Dr Lilia Bouguira écrit – Une contribution sur le flou où nous baignons, le breakdown ou l’attaque du corps…


Ce matin et les autres jours sont des jours à redouter, imprévisibles, justes à vivre.
Un flou gouverne les esprits, un malaise empoisonne l’air et un souffle de tornade risque de nous emporter.
Depuis la révolution, un peuple aphone, maltraité, infantilisé, violé mentalement et physiquement, reprend vaillamment mais rapidement sa liberté dans une excitation sans précédent.
C’est la première fois qu’on le sépare de son objet à la fois de haine et d’amour qui est la dictature sur un modèle œudipien.
Processus salvateur obligé, inévitable, mais combien houleux et ma foi douloureux.
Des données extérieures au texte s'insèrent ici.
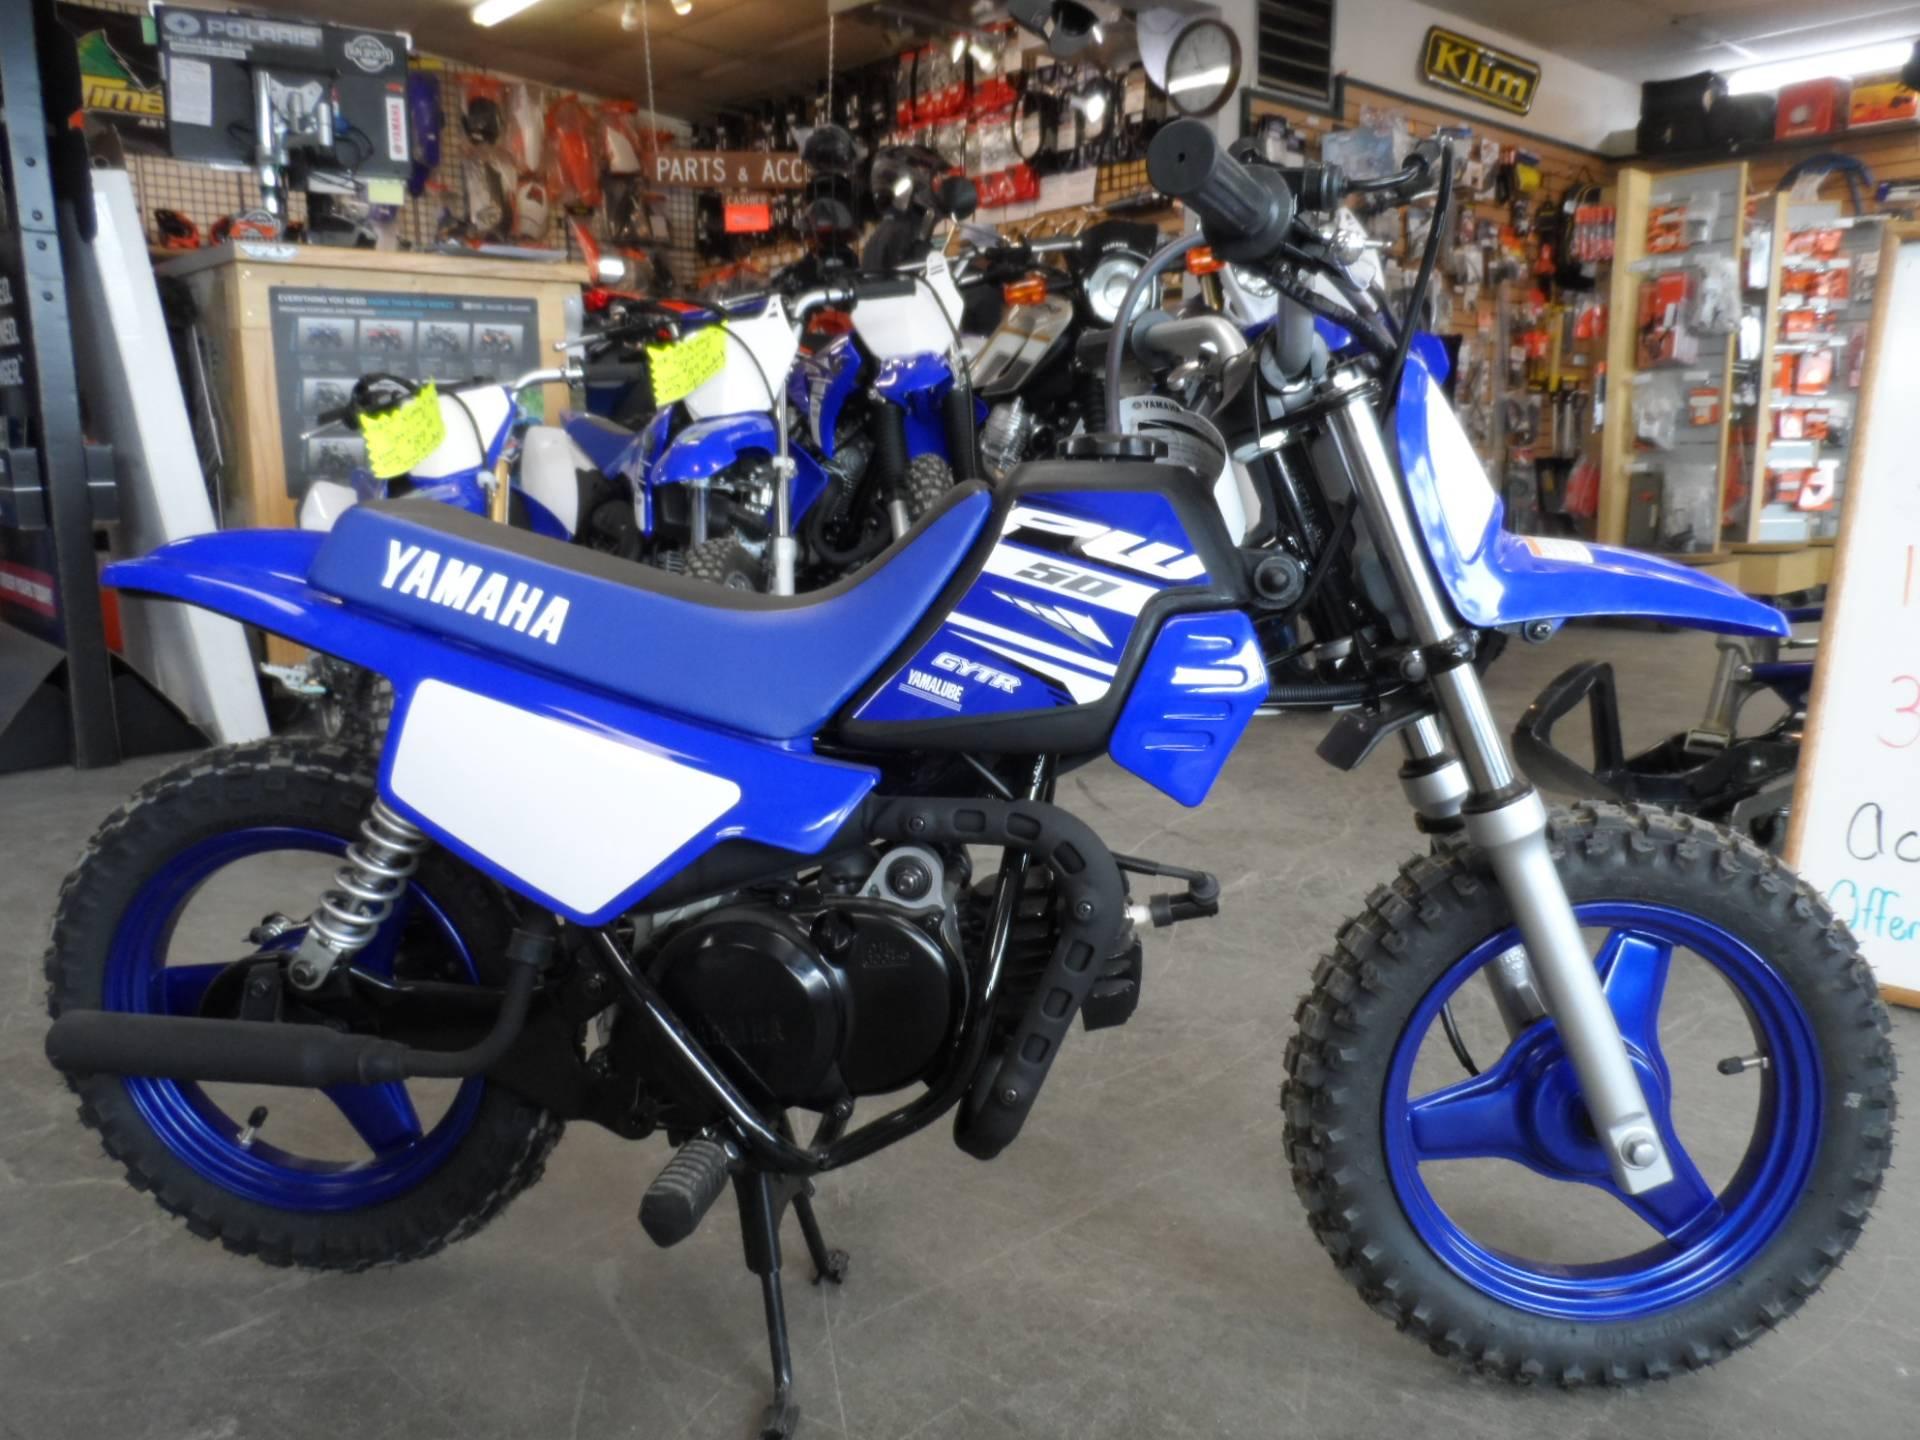 2018 Yamaha PW50 for sale 85904

Pouvoir s’engager véritablement
Un véritable travail de désengagement est à élaborer pour pouvoir s’engager véritablement. Il ne s’agit point de gommer et de réécrire à nouveau son destin  ni de changer de peau pour une nouvelle comme si on rentrait dans un costume neuf.
Un travail de lutte constante sans relâche avec tout ce que comprend ce combat de doute, de tristesse, de deuil pour l’objet perdu, de remaniements internes et externes, de mise à nu des points faibles, d’acquisition de positions nouvelles, de concepts nouveaux, de déchirure, de fêlures et d’angoisses omniprésentes parce que mon peuple ne sait pas à quoi il va ressembler une fois arrivé à bon port après la transition.
Il est  perdu comme cet adolescent récemment pubère qui ne se reconnait plus dans ce corps qui change malgré lui.
Il y a conflits et angoisses permanentes sources de grandes fragilités.
Ce surcroit d’excitation est alimenté par ces divergences d’idées, d’appartenance, de clivage d’idées politiques, de contradictions , de réactions défensives, d’exacerbation et surtout de pulsions incestueuses où plane la menace quasi constante de fricoter avec l’ancien régime.
Ce grand ado dans sa crise identificatoire doit caler cette excitabilité pour ne pas sombrer: soit dans la passivité, et là il y aura retour à case départ et donc nouvelle dictature, soit se manifester, tout contester, travailler en mode surexcité pour pouvoir traverser le passage obligé de la transition.

Cette fragilité identitaire
Tout cela réinsuffle en chacun un sentiment d’existence combien doux, fort, pénétrant, bousculant mais ravageur, si les soubassements et la charpente de ce pays sont déjà fragilisés.
C’est là le réel danger.
Face à cette fragilité identitaire, pour sauvegarder l’illusion d’existence et de liberté récemment acquise, mon peuple comme un parfait  ado s’en prend à son propre corps car c’est son unique espace d’expression pour l’attaquer.
C’est le breakdown ou l’attaque du corps, et c’est ce qui  bien tristement nous arrive.
Dès le premier jour et ceux qui ont suivi notre révolution, nous avons commencé à nous mutiler les uns les autres, à nous dépecer, à nous aliéner par des addictions dangereuses et des comportements violents et agressifs.
Tout cela dans le but de se défendre et d’échapper à la menace incestueuse.
Pour rien au monde, mon pays ne se re-flirtera avec la dictature, mais on oublie que lorsqu’on nait dans la répression, on est volontiers répressif et que lorsqu’on est nourri d’exclusion, on est d’emblée exclusif, à moins de se faire accompagner, de s’aider de stratégies sûres et bienveillantes pour l’accomplissement de l’émancipation de ce peuple en corps d’ado dans sa transition vers un peuple mature et épanoui.
Descendre à la rue encore une fois, je ne sais pas si je dirais oui à un non, stop, en porte ouverte paralysante, car c’est de notre économie personnelle qu’il s’agit, mais en mode bande, groupe de relais et tous ensemble pour les mêmes revendications, je dirai certainement oui.
Décréter un sit-in national réfléchi oui.
Mettre à nu le gouvernement de transition combien cachotier oui.
Pousser devant les tribunaux pour explications et préservations de droit oui.
Amener Rajhi et les autres devant l'unanimité pour parler ou encore à s’expliquer et éviter les mutineries et les tueries oui et encore oui sinon qu’il se taise à jamais!